Mission:The objectives of this Center will be to link together via the world-wide web computer scientists and statisticians from academia, industry and stake holder agencies, with domain experts, to focus on the IDC data processing challenge. Current analyses rely upon slow, expensive and often error-prone manual correction of automated front end procedures. vDEC’s goal will be to evolve robust, efficient automated methodologies for waveform analysis and network processing, in an environ where new and innovative ideas can be tested and applied in context and with minimal delay. vDEC will exploit open IDC-defined data sets for algorithmic development and prototyping, consistent with current standards for data formats and interfaces. The Center will simultaneously champion industry partnerships so as to draw in methods and best practices from within the private sector, as well as define a conduit for technology migration and long term maintenance for IDC infrastructure enhancements. The goal will be to evolve and drive a phased roadmap which progressively integrates modules into the IDC data processing chain. Projects will be selected on the basis of their usefulness to the IDC over a rolling 3-5 year time horizon.

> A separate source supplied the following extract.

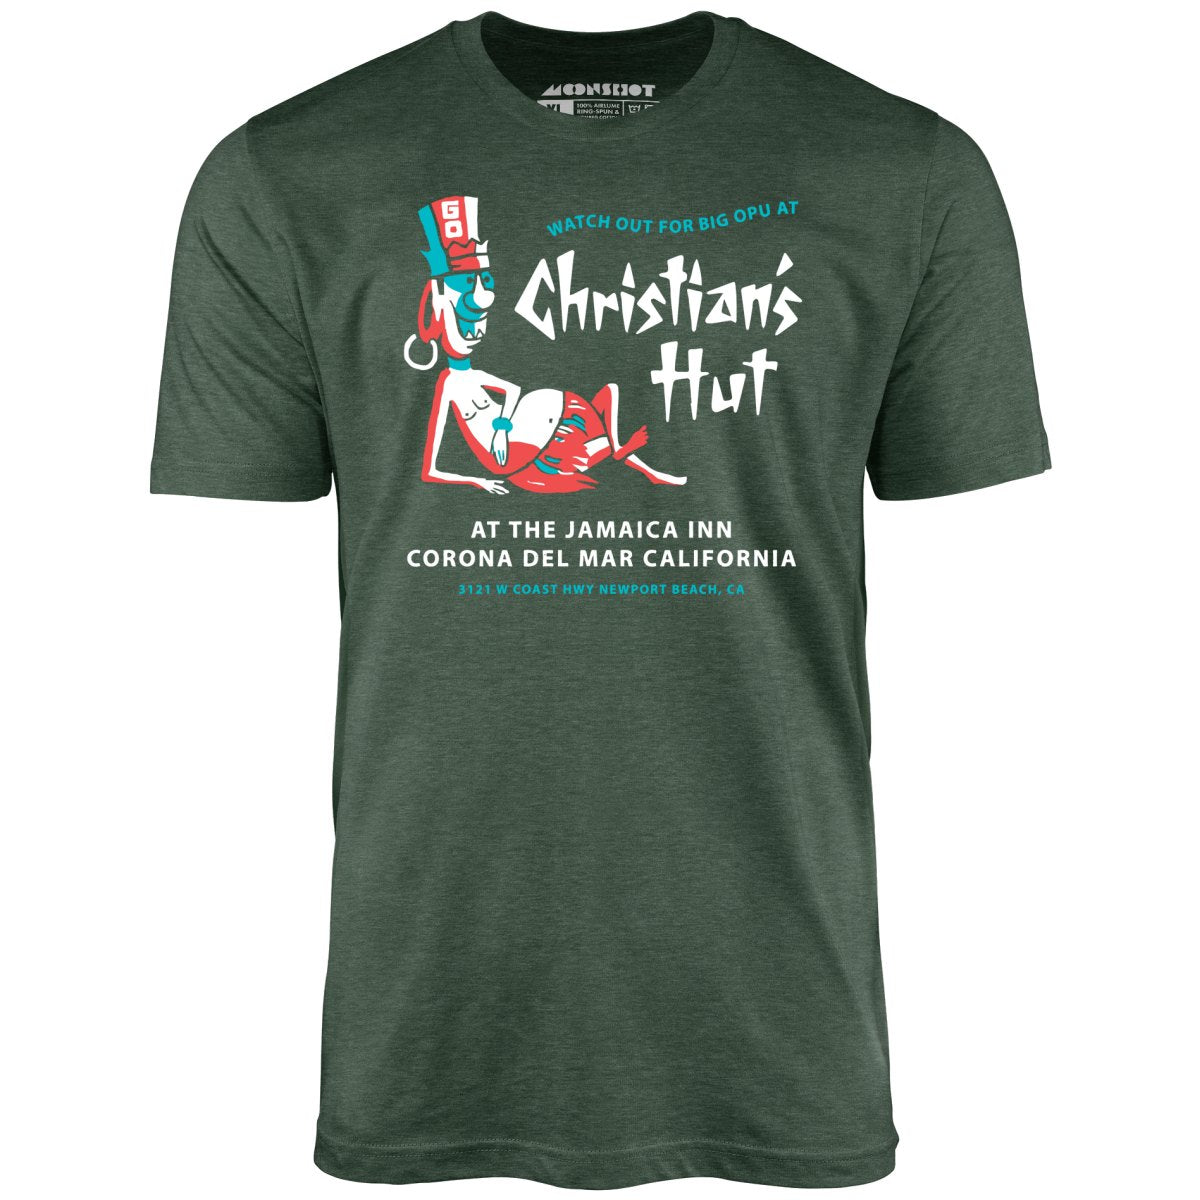 Christian's Hut - Corona Del Mar, CA - Vintage Tiki Bar - Unisex T-Shirt

Technical Portfolio:The following enumerates some of the research themes, in varying degrees of maturity, which could be exploited for CTBT verification.

Probabilistic Classification and Inferencing:The current IDC software architecture automatically isolates and labels detections, assigns phases, and identifies events, creating an output bulletin of seismic activity for subsequent analyst review. Human analysts then meticulously check each event to remove redundancies and false positives and insert missed events. This discrepancy between the automated bulletin and human review could be substantially reduced by incorporating modern machine learning methods for phase/event classification which utilize historical data from past analyst review bulletins to provide learning sets for training classifiers. A number of prior-data driven techniques have evolved over the years to address such probabilistic classification challenges, including kernel methods, nonparametric methods, clustering and decision trees. These remain candidates for seismic event extraction. Drawing conclusions from IDC data sets currently relies upon a series of pipelined stages, where distinct software modules perform tasks based upon locally derived information. This has the advantage of efficiency and simplifies modular implementations. However, incorrect front end labeling can propagate through the chain to produce erroneous end results with no recourse to midcourse correction. Thus, tasks such as automated detection of weak sub-threshold signals, or cooperative correction of signatures based upon multiple sensors remain a human responsibility. The question to be asked is whether this sequential aspect of current processing can be converted into a bidirectional flow via probabilistic inference techniques, so that information at later stages about hypothesized events can effectively revise earlier detection and classification decisions. Emergent hierarchical probabilistic models offer the possibility of drawing conclusions based upon all the evidence available, not just the local context, by consistently updating the uncertainties in different information sources. The time may be right to explore some of these avenues for qualifying event signatures.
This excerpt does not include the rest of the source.